For those who are into fancy food, olive oil is the new wine. You can go to olive oil tastings where the talk is all about peppery notes, and spicy undertones, and fruity finishes. You can spend your vacation touring olive plantations in Napa. You can spend a lot of money on some really special olive oils.

But it doesn’t make sense to cook with the good stuff. The compounds that make extra virgin olive oil so tasty and so expensive are quite volatile. When they’re exposed to heat for any length of time, they break down or evaporate.

Save your extra virgin olive oil for salad dressings, drizzling over cooked vegetables, pasta, baked potatoes, or even popcorn. Or, pour it into a dish and dip hunks of bread into it. That’s when you’ll really be able to appreciate the flavor that you’re paying so much extra for. You’ll also be getting the health benefits of all those valuable plant compounds.

But for sauces, sautéing, or roasting vegetables in the oven or on the grill, reach for the 100% olive oil instead. You’re still getting the heart healthy benefits of the monounsaturated fats and you’re not wasting money on compounds that are largely destroyed in the cooking process.

What Other Oils Do You Need in the Kitchen?

Olive oil is great for the majority of cooking tasks, but you may want to have a couple of other oils on hand, as well. Even the lighter, more refined olive oils have a noticeable olive flavor that sometimes doesn’t go with what you’re cooking. Canola oil is perfect for those times when you want a very neutral flavor.
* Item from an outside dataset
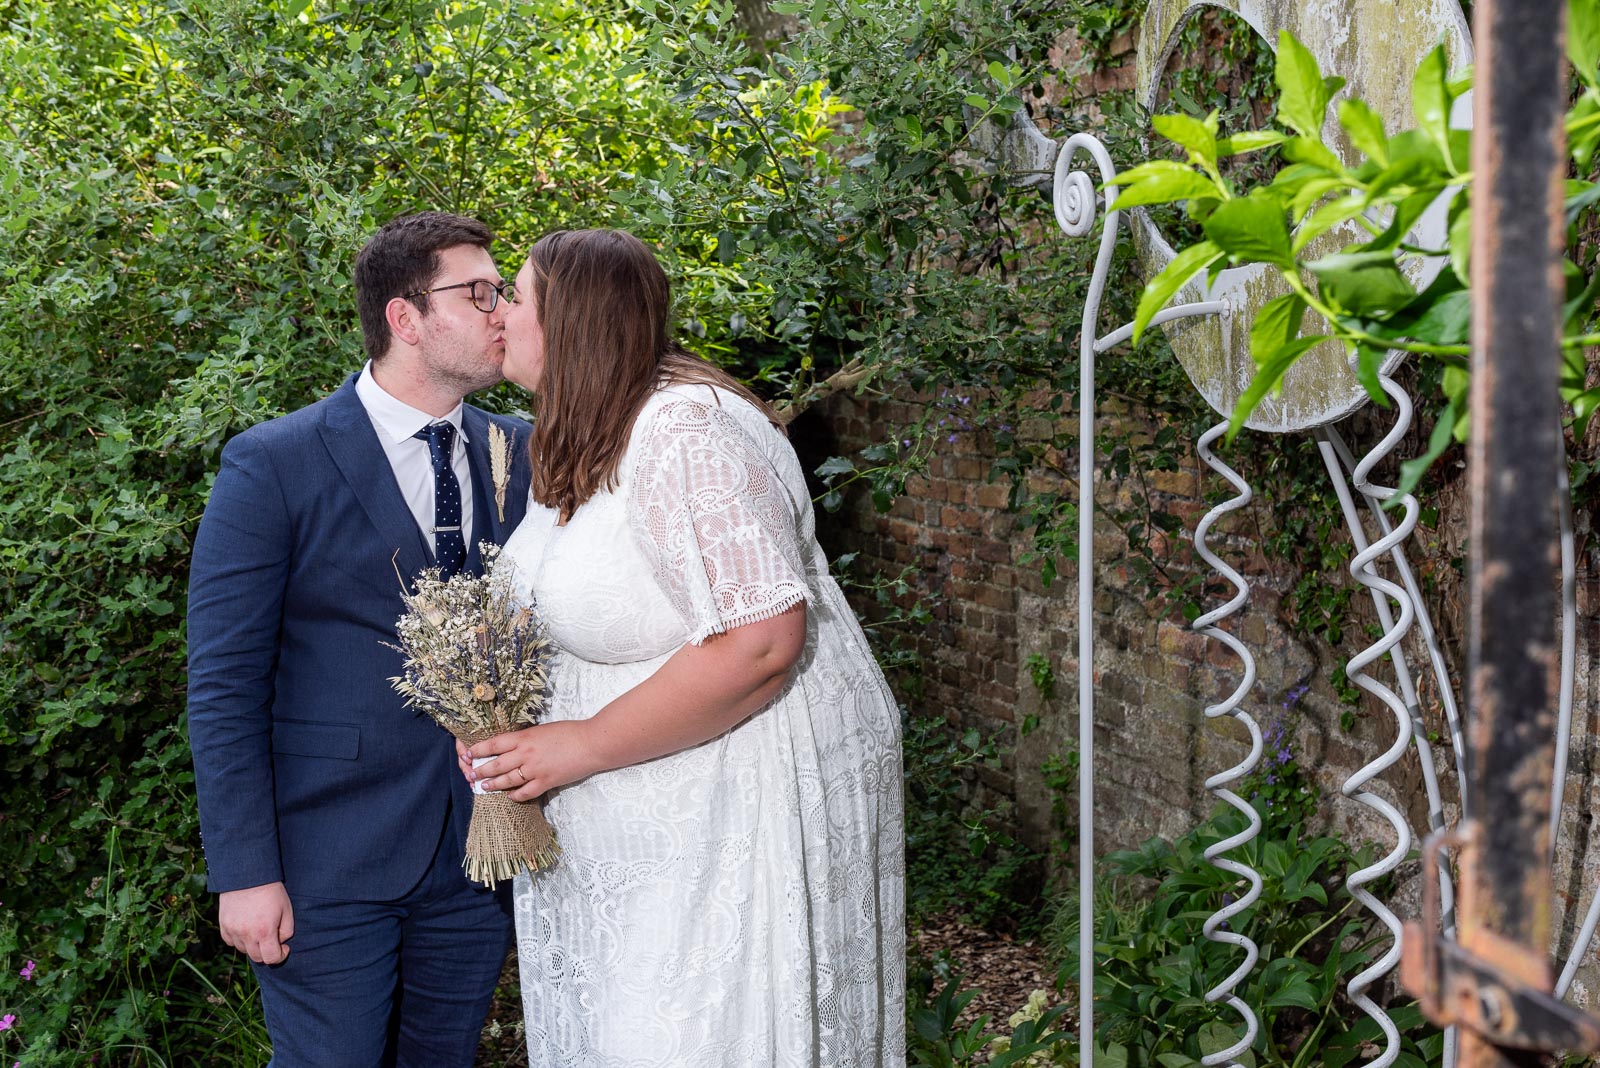 Sophie and Nathan embrace in the secret garden in Southover Grange after their wedding in Lewes Register Office.

Although it doesn’t have all the extra antioxidants and polyphenols that you get with olive oil, canola oil is also mostly monounsaturated fat

When you’re cooking over very high heat, such as stir-frying, choose peanut oil or an oil that’s specifically labeled for high-heat cooking. These have a very high smoke point, which means you can heat them to higher temperatures before they start setting off your smoke alarm. Frying foods at high temperatures reduces the amount of oil that the food absorbs, so the end result is lighter and crisper.